Let’s be honest, organisations vary in their technical proficiency, and not all of them achieve perfection in this regard. There are a lot use cases of applications that are still not in the cloud and there many reasons not to do it: migration costs, compliance, data residency requirements, good ol’ desktop applications and many more. But this doesn’t mean that your product is obsolete and being on-premise is a showstopper for you in terms of innovation. You can still build new functionalities or even companion apps that may extend your product lifecycle using powerful cloud services without the need of migrating the entire software product ecosystem in the cloud. That’s why the hybrid cloud has emerged as a versatile solution for these types of problems, yet it comes with its own set of challenges.

Hybrid Connection

For a hybrid cloud to work well, the connection between the cloud and the on-premise environment is the key and without it you cannot achieve a successful integration. For example large enterprise companies requires corporate networks that may interfere with the maintaining a reliable hybrid connection so there is need of additional complex configurations to achieve that. Some companies opt for site-to-site VPNs or public and internal firewalls but all these things require a lot of network and security configurations that might be costly and delay the integration.

Data Unification

Another challenge is how we can aggregate multiple data sources from multiple physical locations into a single API. Even if you create a secure connection between the cloud and on-premise environment you still have to implement a façade that should manage all the on-premise connections and to unify all the data in a single API, so the consumer can get data concurrently from different on-premise data stores in a single request. You can achieve that by integrating an ETL system that will extract and uniform all on-premise databases in cloud but this can rise different synchronisation problems that must be addressed. You can also build an API Gateway that is fetching from each service but development-time can be costly if you want to have something generic. In recent years, GraphQL, together with Apollo Federation emerged as a solution (called Federated Architecture) for this kind of problems. By using Apollo it is require that each on-premise database is exposing a GraphQL API. Now this can be a challenge because it requires additional on-premise components that should be developed and maintained.
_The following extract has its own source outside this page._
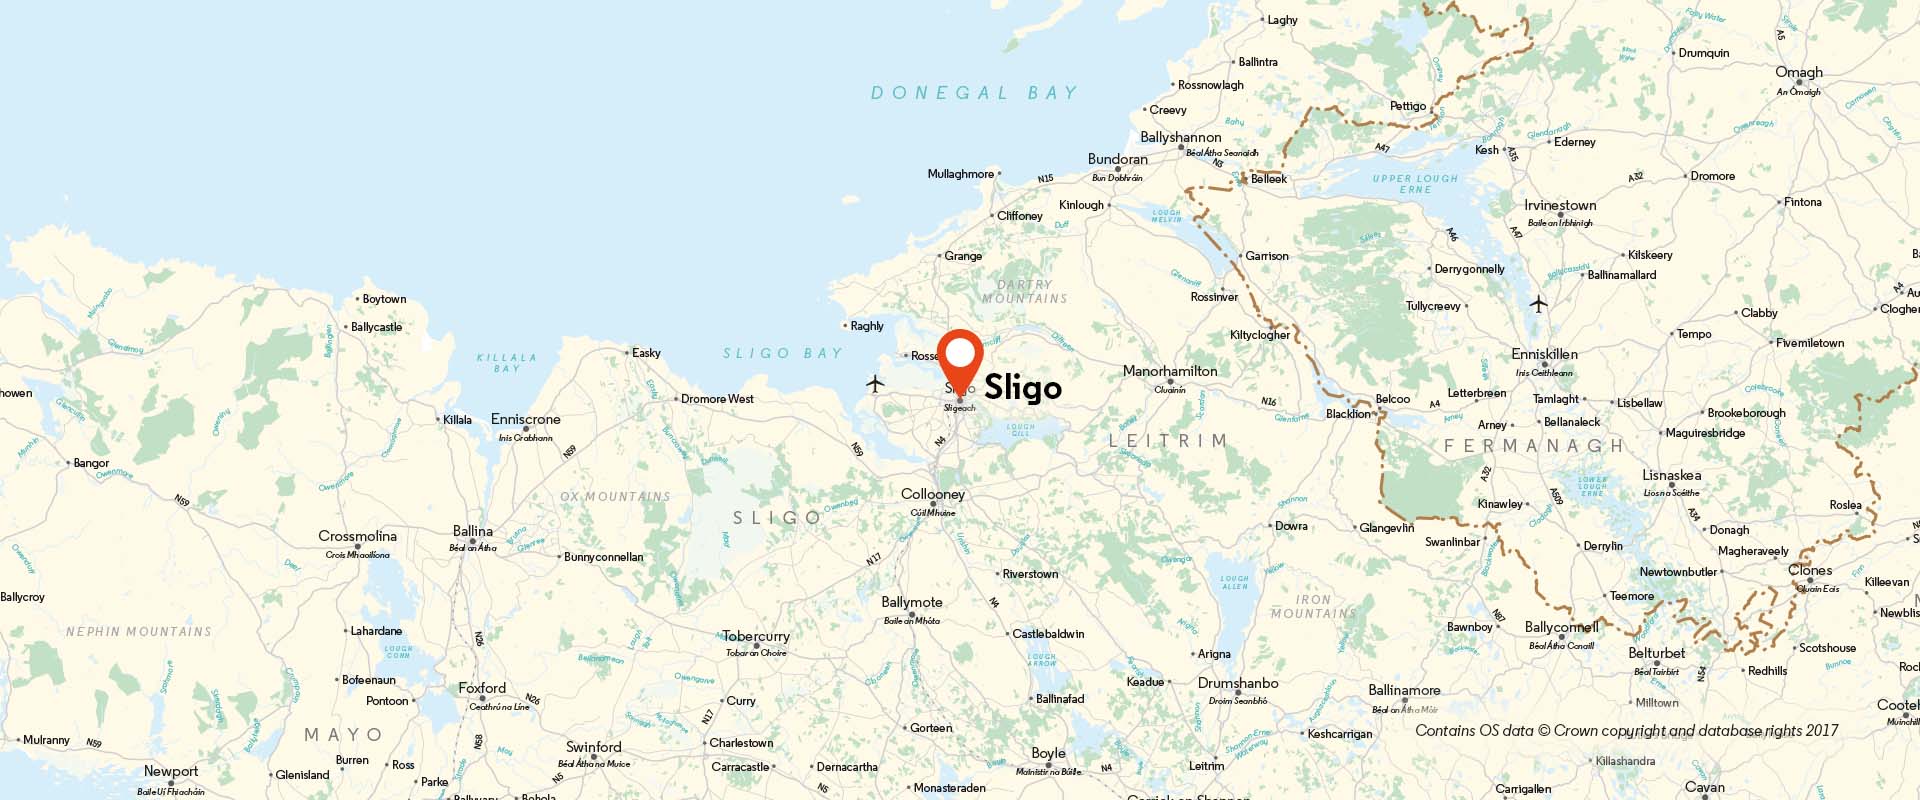 Sligo CoM location

In this article, I will present a method for establishing a secure and reliable hybrid connection that is easily configurable. The proposed solution involves implementing a GraphQL Federated Architecture, enabling direct communication with the database without the requirement for on-premise supplementary API layer.

System Design

Requirements

Before getting into technical details, I will illustrate a concrete use case to facilitate the explanation. Let’s imagine the following scenario:

Let’s suppose we have a tech conglomerate with a vision for innovation an growth called TechHub Enterprises, where their main mission is acquisition of various small and medium digital business. Among these acquisitions are “Northwind”, a thriving e-commerce platform and “Chinook”, a well-known vinyl store. This technological conglomerate acknowledge the need of a centralised application that acts as an unified hub for employee data and it be easily integrated with the recently bought companies databases. The goal for this app is to streamline HR processes, analyse employee data and apply data-driven insights to enhance organisational efficiency and decision-making.
As TechHub continues to evolve and integrate these business entities, a common challenge arrises — Each acquired company maintains its own on-premise database infrastructure, making it a complex task to get valuable insights from employee data and ensuring that employee records are up-to-date and accessible in real-time.
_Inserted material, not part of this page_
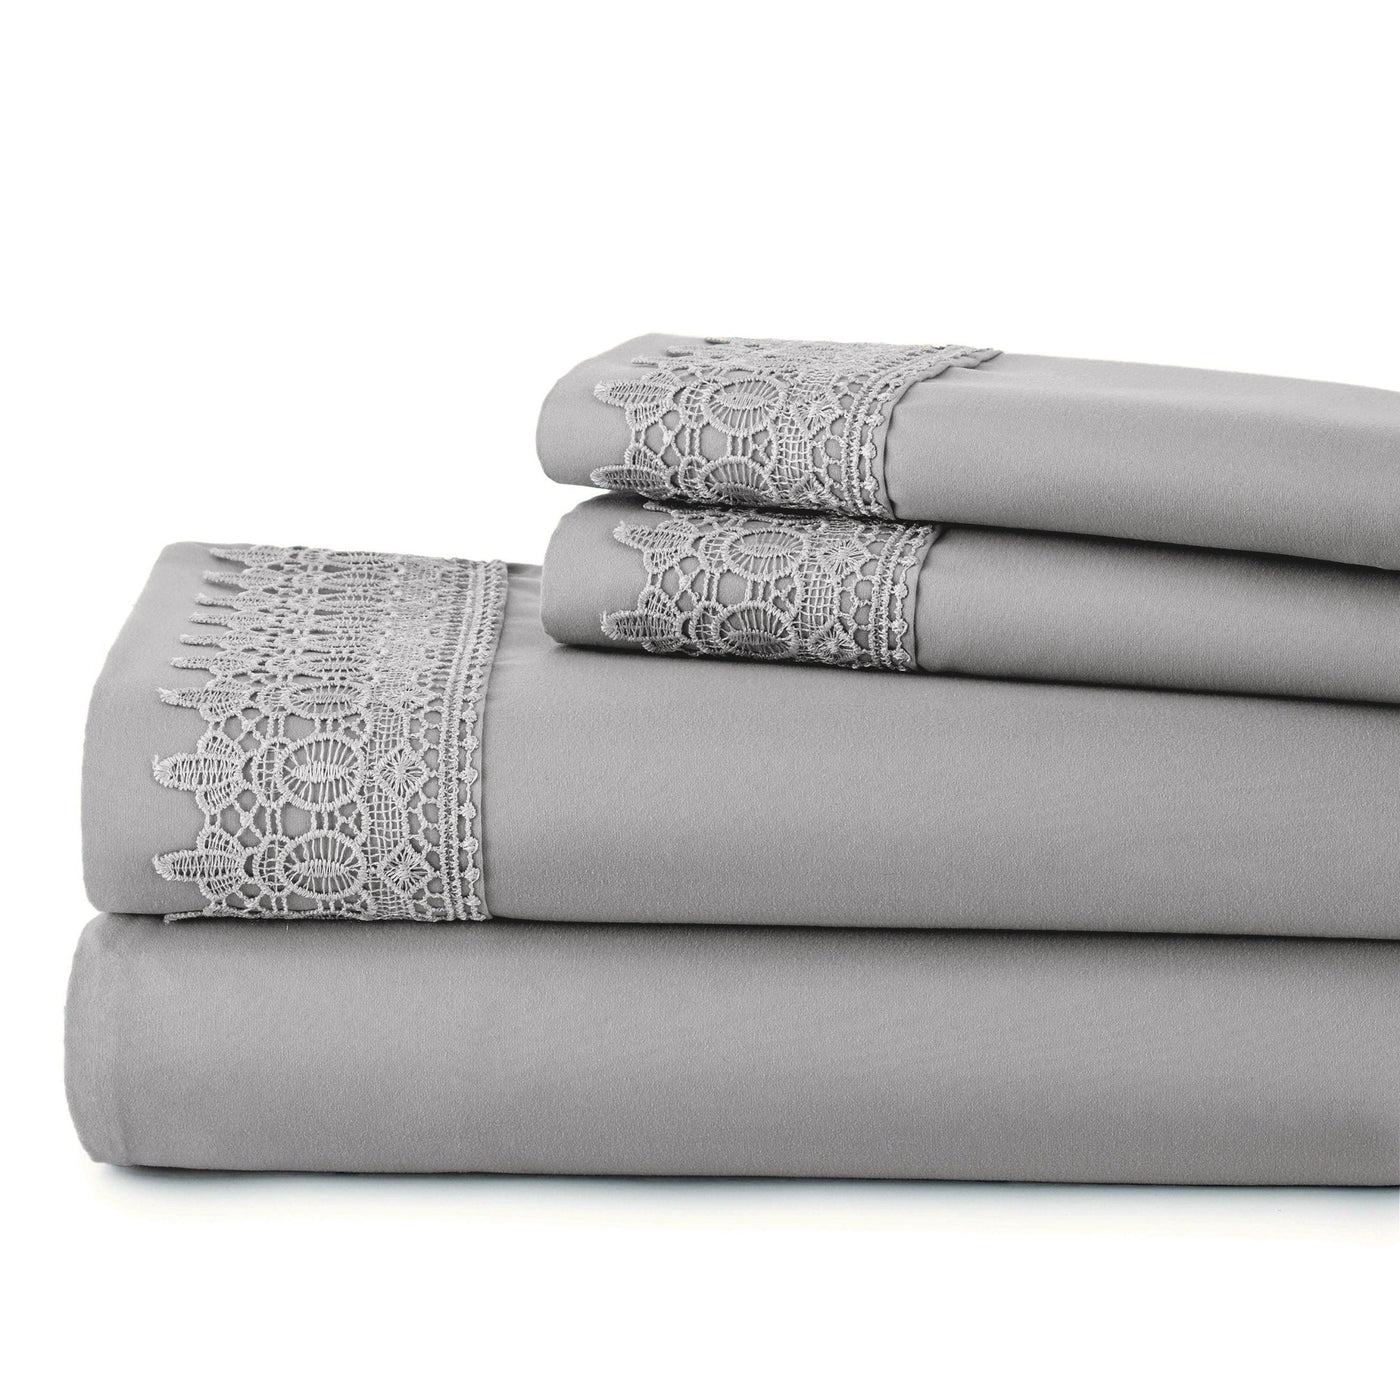 Vilano Extra Deep Pocket Lace Hem Sheet Set in Steel Grey Stack Together#color_vilano-steel-gray

Based on the scenario we can extract some non-functional requirements:

Integrability: Integration with on-premise acquired companies data
Interoperability: Support different types of databases
Concurrency: Support concurrent data retrieval from multiple data sources
Ease of Configuration: Provide a solution that is highly configurable enabling rapid deployment and flexibility
Plug-and-Play: Enabling the addition of a new database without requiring extensive manual configuration or coding.

Proposed solution

Technologies

ngrok: Manages a worldwide network of servers called ngrok edge that accepts traffic to upstream clients from internet. The nice thing about it does not forward to IP addresses like a traditional reverse-proxy. In our case, you have just to run inside on-premise network, a lightweight software (ngrok agent) alongside with the database which connects to edge servers using a secure outbound persistent TLS connection. When the client sends traffic to an edge endpoint, it is redirected to the agent via TLS connection and the agent will communicate with your internal database using a TCP connection. This technology can be configured to support additional security features like IP whitelisting, mTLS, integration with OpenID, OAuth and many more.
Hasura: It is a GraphQL query engine that makes your data accessible via GraphQL API, just by providing a database connection string. You don’t have to implement the API by yourself. For this application, Hasura also helps to federate multiple data sources into a single API, so you can fetch data from different servers in a single request. Beside that you can configure security policies at data level, validate data & extend the API with business logic using the actions module or integrate with an existing authentication provider. You can see Hasura as a GraphQL oriented Backend-as-a-Service (BaaS) that supports connecting to a bunch of database types and existing APIs.

Implementation

In this section, I will present a high-level step-by-step guideline to get the technologies that I’ve described above, up and running. If you want to run in production, please study the documentations by yourself to configure and to apply the right security settings correctly.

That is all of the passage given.